1995
Уцелевшие чудом на свете
Обживали весною дворы
Ленинградские нищие дети,
Иждивенцы блокадной поры.
По-зверушечьи радуясь жизни,
Что случайно была продлена,
Мы о бедах своих не тужили,
Из немытого глядя окна.
Там пузатые аэростаты,
Как слонов, по асфальту вели,
Свежий мрамор закопанных статуй
Доставали из вязкой земли.
И белея плечами нагими,
На спасителей глядя с тоской,
Из песка возникали богини,
Как когда-то из пены морской.
Там в листве маскировочной сетки,
Переживший пилу и пожар,
Расправлял поредевшие ветки
Как и мы, уцелевший бульвар.
На безлюдные глядя аллеи
На залива сырой окоем,
Я о прожитых днях не жалею,
О безрадостном детстве своем,
Где не сдох под косой дистрофии,
Пополняя безмолвную рать,
Персонажем в прокрученном фильме,
Ничего не успевшим сказать.
Лучше в тесной ютиться коробке
И поленья таскать в холода,
Чем в болотной грязи Пискаревки
Догнивать без креста и следа,
С половиною города рядом,
Возле бабы с осанкой мужской,
Под ее немигающим взглядом,
Под ее равнодушной рукой.
1995
Избежавший по случаю в детстве блокадных могил,
Собиравший патроны под Вырицей каждое лето,
Разбирать я винтовку на школьных уроках любил
И во влажной ладошке сжимать рукоять пистолета.

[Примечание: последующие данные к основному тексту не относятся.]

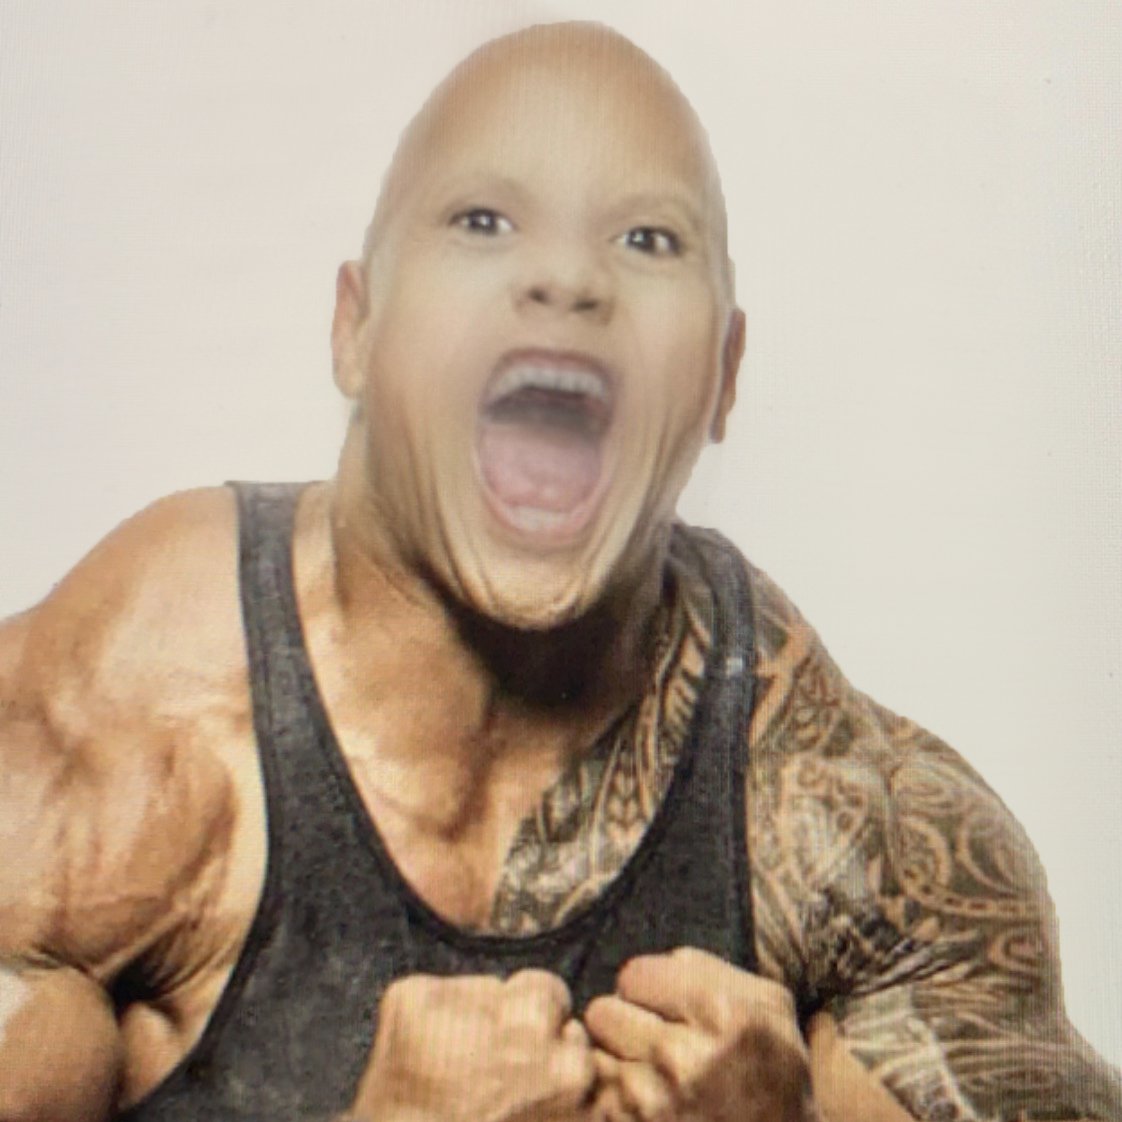 Dwayne Johnson on X: Fanny Pack baby Rock & Peoples Eyebrow Rock are my  favs. Flexing baby Rock looks like Satan's spawn. #smackdownsincebirth / X

В экспедициях долгих, в колючей полярной пурге,
В заболоченной тундре, в глуши комариной таежной,
Я привык на ходу ощущать самодельные ножны,
И ружейный приклад, ударявший меня по ноге.
Нам давали оружие в поле с собой, что ни год,
Положение наше в краях необжитых упрочив, —
«Парабеллум» немецкий, российский наган-самовзвод,
Карабин трехлинейный мне нравился более прочих.
Я его на привале к сухим прислонял рюкзакам,
Засыпал по ночам с вороненою сталью в обнимку.
Из него я палил по напившимся в дым мужикам,
Что явились насиловать нашу коллекторшу Нинку.
Я патроны казенные в каждом сезоне копил, —
Мне давала завод эта сила холодная злая,
Но отец мой однажды сложил их в авоську, гуляя,
И подсумки с патронами в ближнем пруду утопил.
И распродал я ружья, доставшиеся с трудом,
А наборные финки друзьям раздарил я по пьяни,
Поручая себя уготованной свыше охране,
От ненужных предметов очистив пустеющий дом.
И когда засыпаю, усталых не чувствуя ног,
Доживающий старость в пору крутизны оголтелой,
Не дрожит от испуга защиты лишенное тело,
Не колотится сердце, и сон мой спокойный глубок.
1995
«Полагаться нельзя на всесильным казавшийся разум…»
Полагаться нельзя на всесильным казавшийся разум
В час, когда холода засыпают листвою аллею.
Я летящего ангела в небе не видел ни разу
И об этом немного на старости лет сожалею.
Видел лишь неподвижных – на шпилях и на колоннадах
Петербургских соборов и фресках Сикстинской капеллы,
Но с надеждой наивной слежу я слабеющим взглядом
За вскипающим краем светящейся облачной пены.
Я ловлю под ногами теней их скользящие пятна,
Кверху голову вскинешь – кружит одинокая птица.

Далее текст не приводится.